The Shaw Festival’s scenic construction and art shop are tucked away in a warehouse near the local car wash, in a bland white building that belies the miracles happening within.

Theatre is a series of deceptions, delightful sleights-of-hand. On stage you’re led to believe a local dedicated father of two is an outspoken gay man; a hilarious, radiant redhead is a meek and mousy chambermaid. The sets the actors perform within are part of the ruse: This wire bundle is a tree; that curtain is a forest. The latter is all conjured up in Virgil.

Lesslie Tunmer is the head of scenic construction, the person through whose brain and hands every piece of scenery on a Shaw stage will pass.

He’s overseeing the return of the sets of Brigadoon, sent back from the stage for modifications improvised during rehearsals. Actors will now be dancing on rooftops, so they need steel reinforcements.
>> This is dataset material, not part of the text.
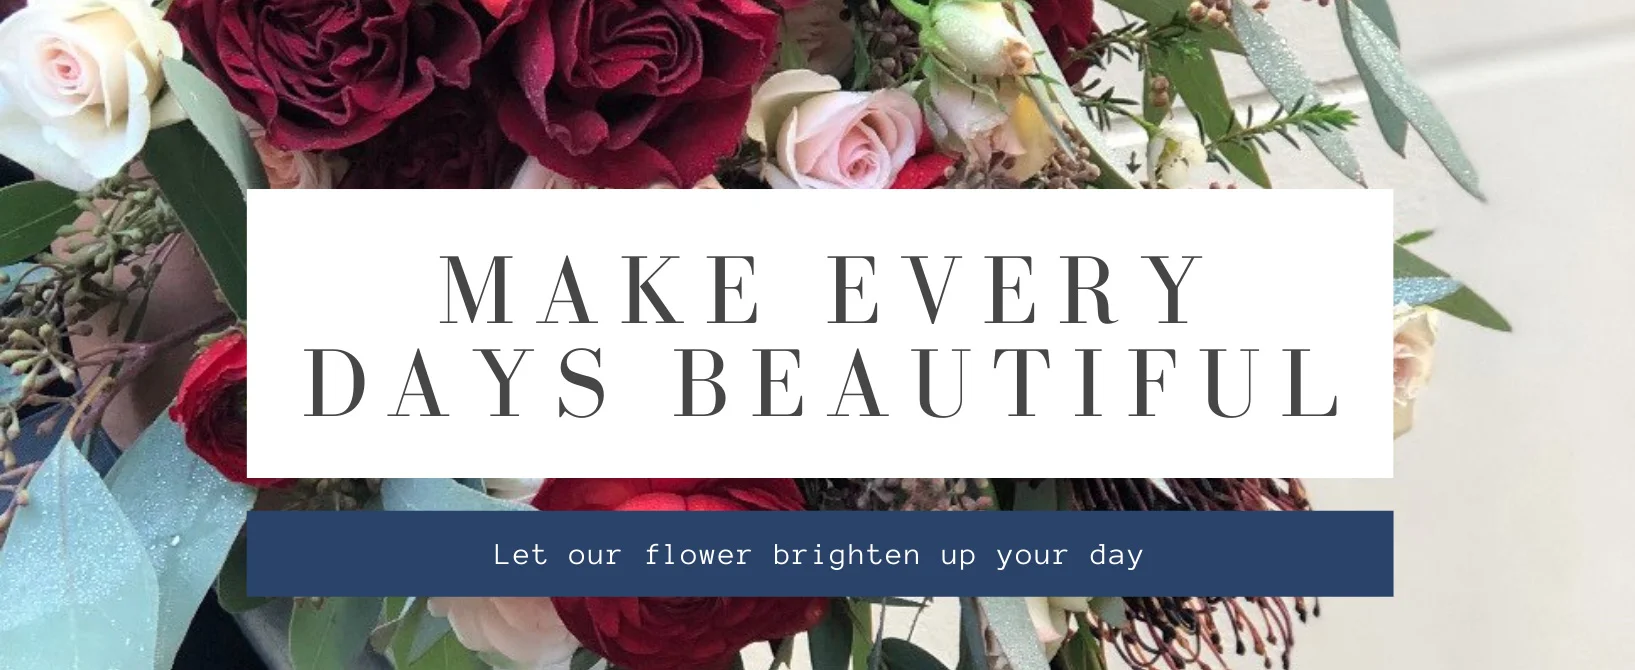 Make every days beautiful
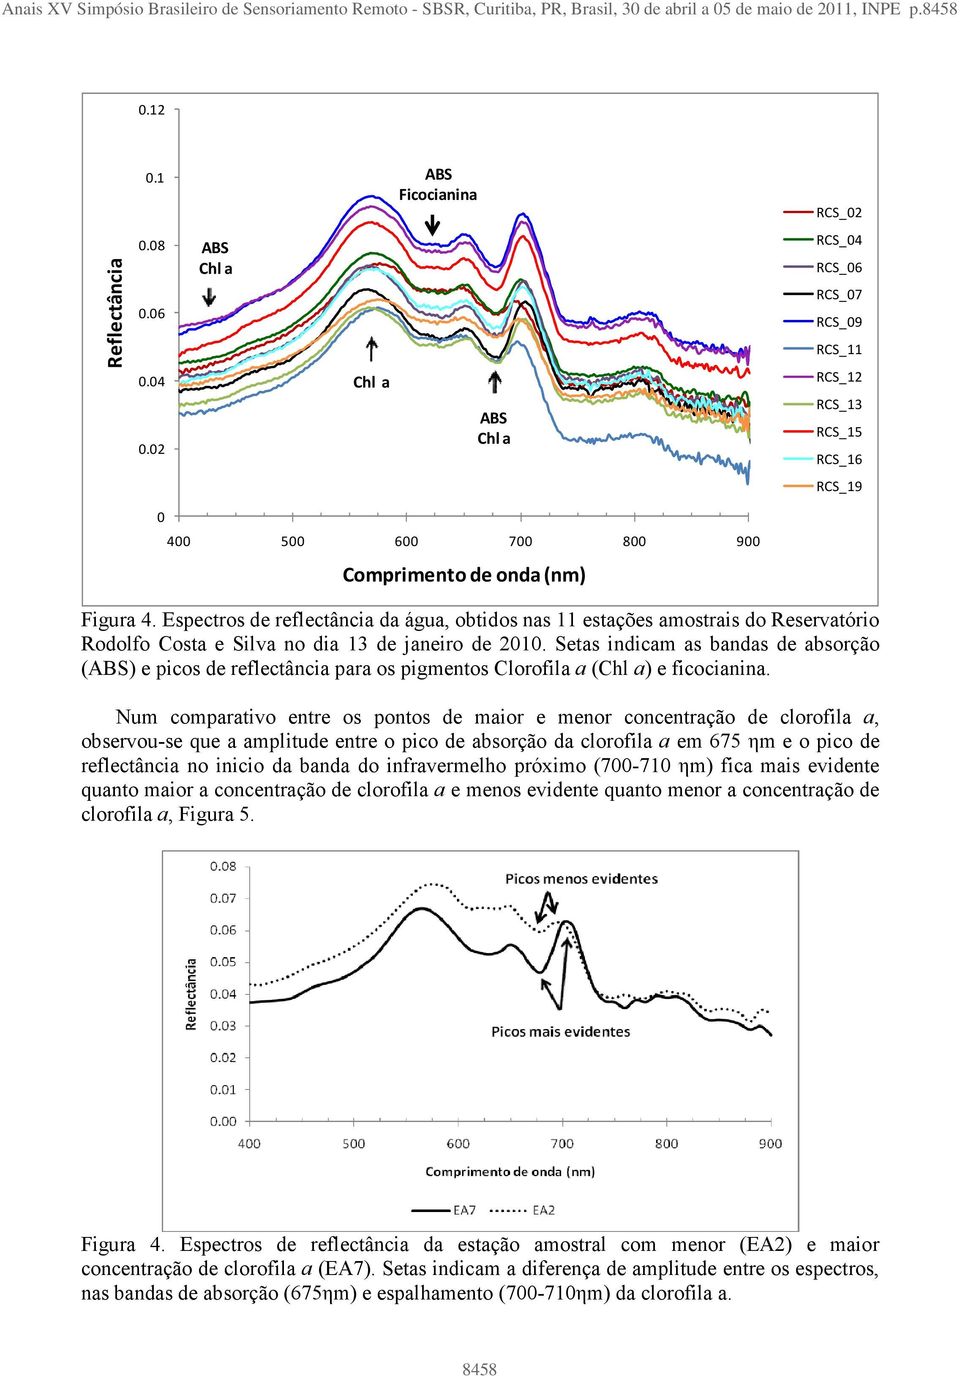 Espectros de reflectância da água, obtidos nas 11 estações amostrais do Reservatório Rodolfo Costa e Silva no dia 13 de janeiro de 2010.

To maintain the flow in a scene, a door must open from the other side. “During rehearsal it’s trial and error,” says Tunmer. “I have rehung 11 doors so far this season.”

Eight truckloads of sets will be travelling up and down Niagara Stone Road on this day, between the construction shop and the Festival Theatre.

At the same time, sets are being built for Cyrano de Bergerac and The Ladykillers. “It’s going to be chaotic,” says Tunmer, with no shortage of glee.

The Johannesburg-born engineer has been with the Shaw for 30 years, working with designers, directors, and even fight directors to get the sets just right. “Listening is the most important thing. I have to listen to the designer to get their intent, and then get as close to the look as I can,” says the genial genius.

Tunmer gets the look by using detailed calculations, making art into math and matter. Some designers, such as Judith Bowden who designed Ladykillers, create models to scale. “She starts with white card, a ‘white model,’ then progresses to a proper model which I turn into AutoCAD drawings,” explains Tunmer. 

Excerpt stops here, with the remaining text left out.